First, the intensity variations between instruments at a low m/e
(~100) are much less than at high m/e values. Second, there are
many more peaks at lower m/e values and the filtering will speed up
the search and present fewer answers of little value. The intensity
range factor can be used in a number of ways. If a factor of 1 is
used with a peak intensity of 100, only those spectra with this ion
as their base peak will be obtained. On the other hand, if the
range factor is 100 or greater, then there will be no intensity
filtering because any intensity divided by 100 will include the
range of 0 to 100. A range factor of 2 and an intensity of 150
(150~070) will allow only peaks with an intensity greater than 75
(75%) to be considered. Thus, the variable intensity filter allows
the chemist to experiment with the system as he searches, and
provides a very important psychological factor in obtaining the
acceptance of the search system in the laboratory. The range factor
value decision is made at the start of the search and is held
constant for all peaks entered and considered in that search. It
would be a simple matter to modify the factor for each peak, but
the additional decision required at each step in the search was
considered to be more annoyance than it was worth. Note also that
the multiplication/division by an integer implies very wide range
factors, i.e., increasing and decreasing intensities by as little
as 90% is not permitted (0.9 is a non-integer value). In this
system, as contrasted with some other available (6,7), we are
looking for an answer or series of suggestions after an input of
two to three peaks, rather than the "degree of fit" or "similarity
index" of the entire spectrum with one on file. The rationale
behind this approach is that quite often the required spectrum will
not be in the file, but the spectrum of a similar substance, also
exhibiting the peaks in question, may be. If such a near-hit is
found, it has been our experience that the chemist is willing to
perform the necessary mental gymnastics to extrapolate to a correct
conclusion.
After the chemist gives the program the intensity range factor, the
program begins to ask for peaks and intensities, one peak and
intensity at a time. After the chemist enters each request, the
program responds with the total number of peaks in the file at that
m/e value, and with the number of spectra that pass the intensity
filter. In this manner, the chemist can obtain some idea of the
size of partial file resembling his unknown at the same time he is
tailoring the search to his own needs. After the chemist has
entered the second peak and intensity, and for all peaks and
intensities thereafter, the program automatically finds all those
spectra that contain that combination of peaks and intensities. If
no spectra are found to contain the combination of peaks and
intensities, the program responds with this fact and allows the
chemist to go back to the previous set of references found, so that
he may obtain a listing of those ID numbers and names. Then the
program automatically starts at the beginning again, with a request
for a new intensity factor. At any point along the way, the chemist
has the option of printing the ID number and name of those
compounds meeting the current criteria of peaks and intensities. To
increase the possibility of reaching a useful result earlier, it is
generally best to enter the highest masses first, since the number
of peaks at the high masses tend to be smaller. This is
satisfactory, provided that the compound is in the file, but if it
is not in the file, this search method may fail to locate an
interesting lower homolog or related compound with a similar mass
spectral fragmentation pattern. In fact, it is often quite useful
to add or subtract 14, or even 28, m/e units to the series under
consideration. In general, an average search will take from five to
fifteen minutes time at a computer terminal, although with some
experience with the system, a search can take as little as two
minutes.
At the present time, the program accepts up to twenty-five peaks
and intensities, although it could be readily expanded to one
hundred or more. However, it has been the experience of the
chemists using the system that two or three pertinent peaks.will
narrow down the possibilities very rapidly. Of course, the
judgment of many years of experience goes into the choice of the
peaks which the chemist selects for entry into the search
program. If one enters a peak and intensity which results in no
spectra in the file with that combination of peaks and
intensities, it is possible to go back and produce the previous
references or to go back one step and continue on.

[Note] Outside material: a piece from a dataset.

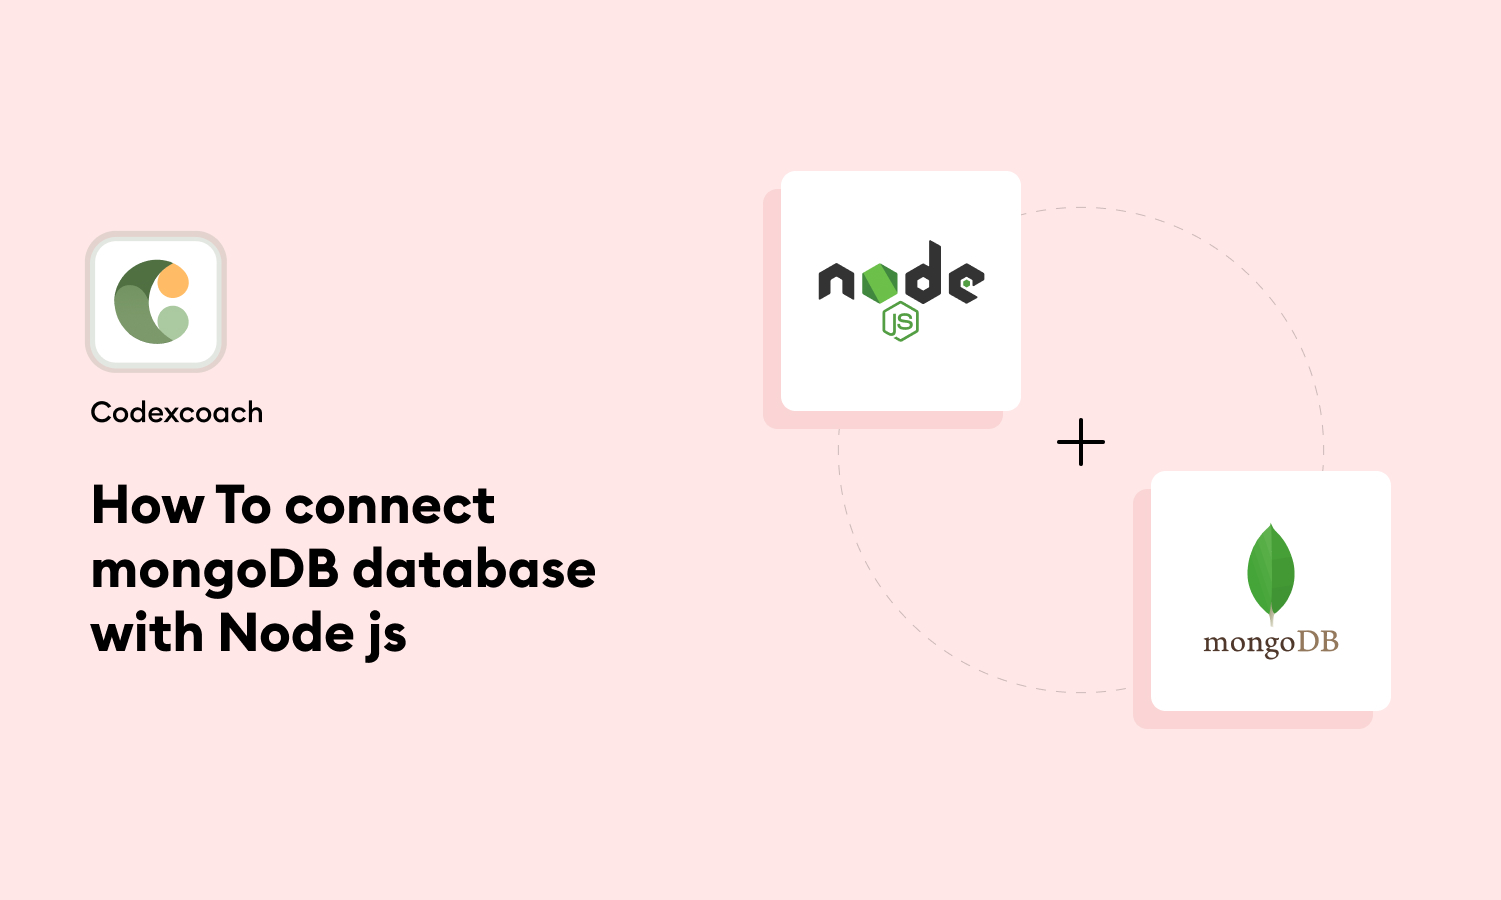 How To connect mongoDB database with Node js

An example of the search program is shown in Figure 4. In this example, a sample of blood from a drug overdose patient at a local hospital was put through a GC-MS system, and three peaks from the resulting mass spectrum were entered into the search program. Of the possible compounds found from the search, it was immediately clear that thymol (2-isopropyl-5-methyl phenol) was the most reasonable possibility. Thymol is a common flavoring agent and, while not harmful in itself, correctly suggested that an excess of a common cough syrup had been ingested.
Figure 5 is a sample search of a component isolated from a secretion from a rove beetle, Bledius mandibularis. In Figure 5, the search program did not find an exact match, but the resulting list of possibilities included a number of gamma lactones (the C11, C16, and C18 and the lactone with ID number 8060). The similarity of the unknown with the gamma lactone spectra indicated the probability/hat the unknown was a related gamma lactone. Later, comparison with a known sample of the C12 gamma lactone confirmed the structure and identity of the unknown.
In a search (not shown) for a long-chain hydrocarbon, n-dodecane, which should take a long time since most of its peaks are in common with other compounds in the file, it required only three masses (112, 127, and 170) and 1.08 cpu seconds to narrow the search down to three different molecules, one of which was the correct answer.
The test example again illustrates the use of the file even when the compound is not itself in the file. A chemical constituent in a grape-flavored chewing gum was isolated and found to have major peaks at m/e 151, 119, 92, and 65. However, there were no spectra in the file with these combinations of peaks and similar intensities. After some experimenting, the peaks at m/e 151, 92, and 65 were entered, and the resulting answer, shown in Figure 6, was methyl aminobenzoate. Methyl p-aminobenzoate had major peaks at m/e 151, 120, 92, and 65. This answer suggested that it was quite reasonable to consider the unknown to be the ortho isomer, which lost methanol (CH3OH) and that the pare isomer lost only methoxy (CH3O). Thus, the similarity of the spectra could be explained, as well as the apparent anomaly of the m/e 119 and 120 peaks.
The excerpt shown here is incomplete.